Fra Angelico, Anunciação

Neste mundo líquido, é necessário voltar a falar do coração; indicar onde cada pessoa, de qualquer classe e condição, faz a própria síntese; onde os seres concretos encontram a fonte e a raiz de todas as suas outras potências, convicções, paixões e escolhas.

Movemo-nos, porém, em sociedades de consumidores em série, preocupados só com o agora e dominados pelos ritmos e ruídos da tecnologia, sem muita paciência para os processos que a interioridade exige.

Na sociedade atual, o ser humano corre o perigo de se desorientar do centro de si mesmo.

O homem contemporâneo encontra-se com frequência transtornado, dividido, quase privado de um princípio interior que crie unidade e harmonia no seu ser e no seu agir.

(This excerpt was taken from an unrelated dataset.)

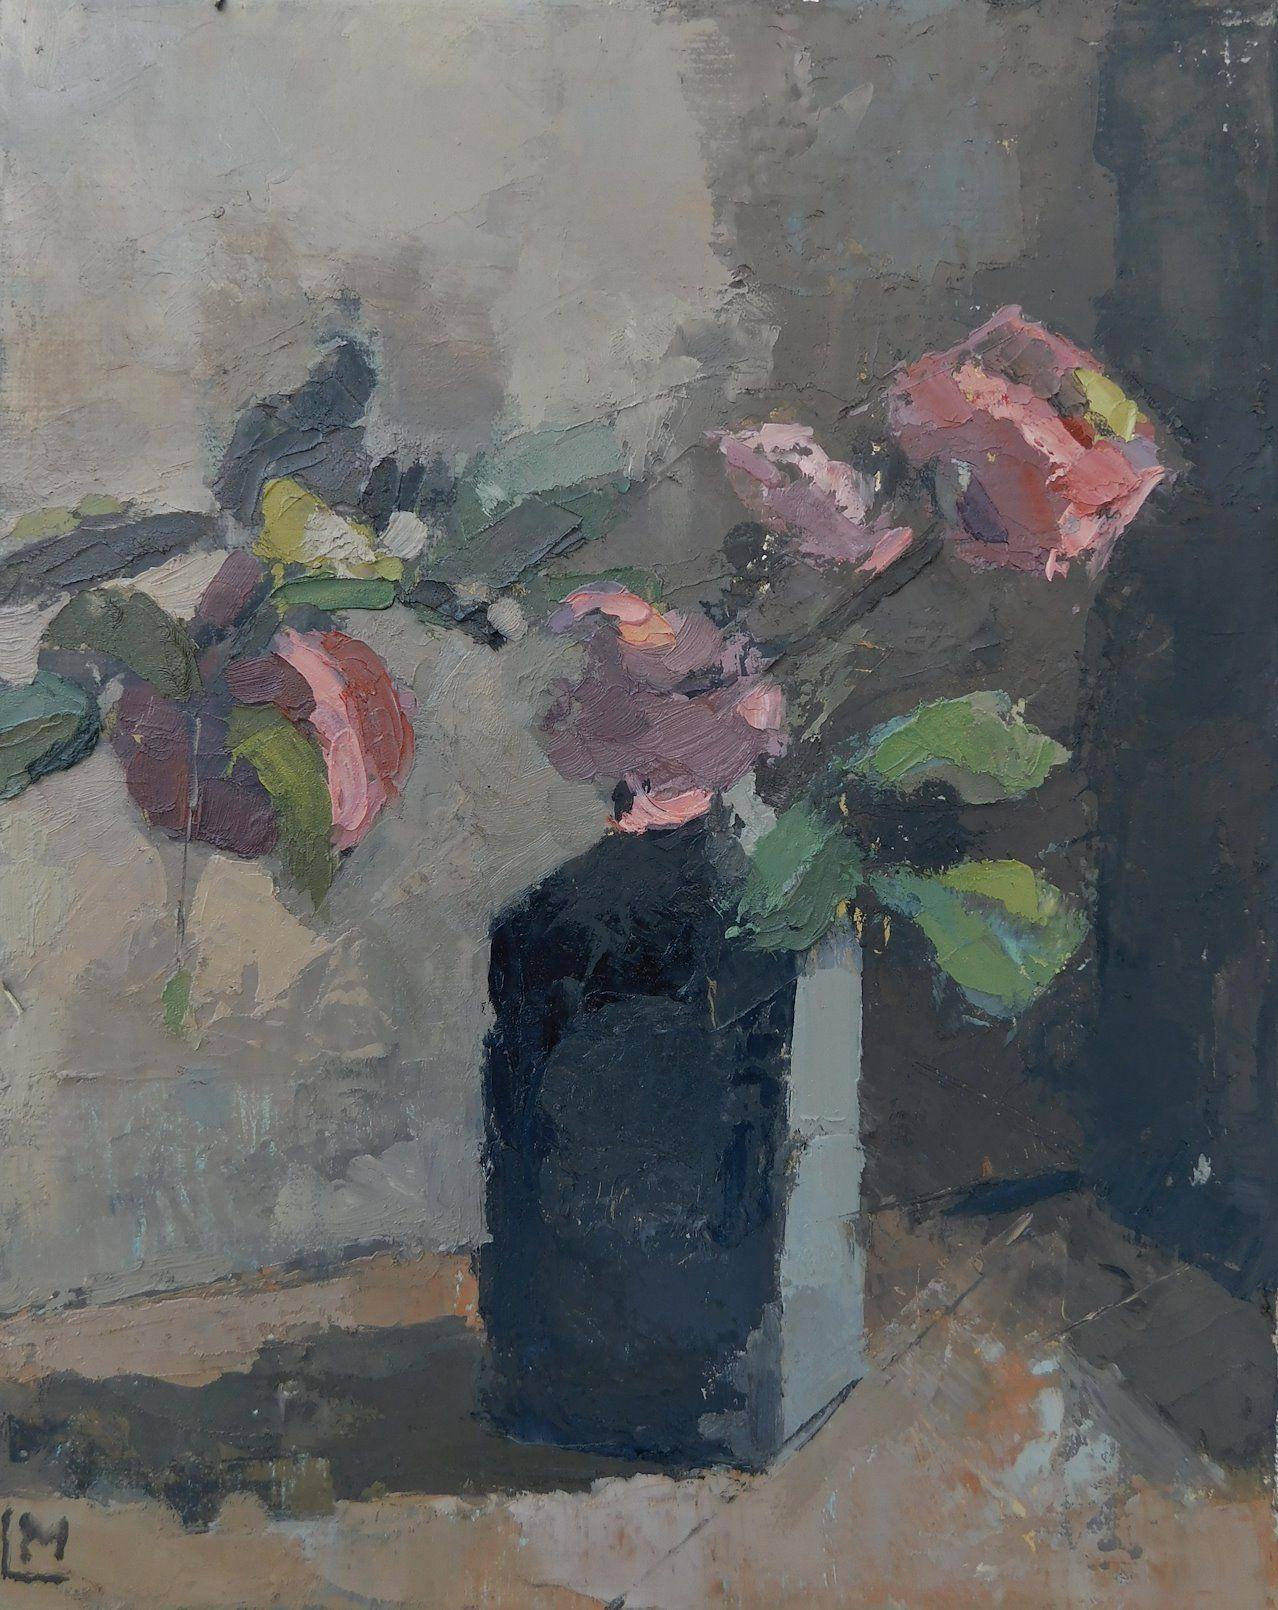 recent paintings nel 2020 | Dipingere idee, Pittura di ...

Modelos de comportamento infelizmente bastante difundidos, exaltam a sua dimensão racional-tecnológica ou, ao contrário, a instintiva.

Falta o coração.

Papa Francisco, Dilexit nos, outubro 2024

 

Eu e o estrangeiro

Cardeal Ravasi, 2015

William Bendz, artista mira obra no espelho

Tempo virá
em que, exultante,
te saudarás a ti mesmo chegado
à tua porta, no teu próprio espelho
e cada qual sorrirá ante a saudação do outro,
dirá: Senta-te aqui. Come.
Amarás de novo o estrangeiro que era o teu Eu.
Dá vinho. Dá pão. Devolve o coração
a ele próprio, ao estrangeiro que te amou
toda a tua vida, que ignoraste.

Como sempre, a poesia, para ser apreciada, requer uma leitura serena: antigamente, cada leitura dos textos escritos exigia a pronúncia exterior, de modo que as palavras reverberassem, deixando em torno de si quase como que um halo, um eco interior.
Citámos aqui versos da poesia “Amor após amor”, do grande poeta Derek Walcott, o cantor dos mestiços, nascido numa ilha das Caraíbas, Santa Lúcia, em 1939.

Como se intui, unem-se e sobrepõem-se duas fisionomias diversas, a minha e a do outro, o estrangeiro.
Se ao espelho olhamos o nosso rosto, descobrimos nele os traços da humanidade, porque a ela todos pertencemos, para além das diferenças étnicas, culturais, religiosas.

«Amarás o estrangeiro que era o teu Eu», diz o poeta.
«Amarás o teu próximo como a ti mesmo», diz a Bíblia.
Neste paralelo há dois amores que se fundem, o espontâneo por si próprio e aquele que o é para os outros, muitas vezes conquistado com algum esforço mas que deverá ser, da mesma maneira, intenso.

Devemos tentar reconduzir o nosso coração «a si mesmo», isto é, à sua consciência profunda, e aí descobriremos que há o estrangeiro dentro de nós porque ele é semelhante a nós por causa do próprio Deus que o criou, do próprio Cristo que o redimiu, do próprio amor que foi deposto nele e em nós, e do próprio pecado que obscurece a nós e a ele.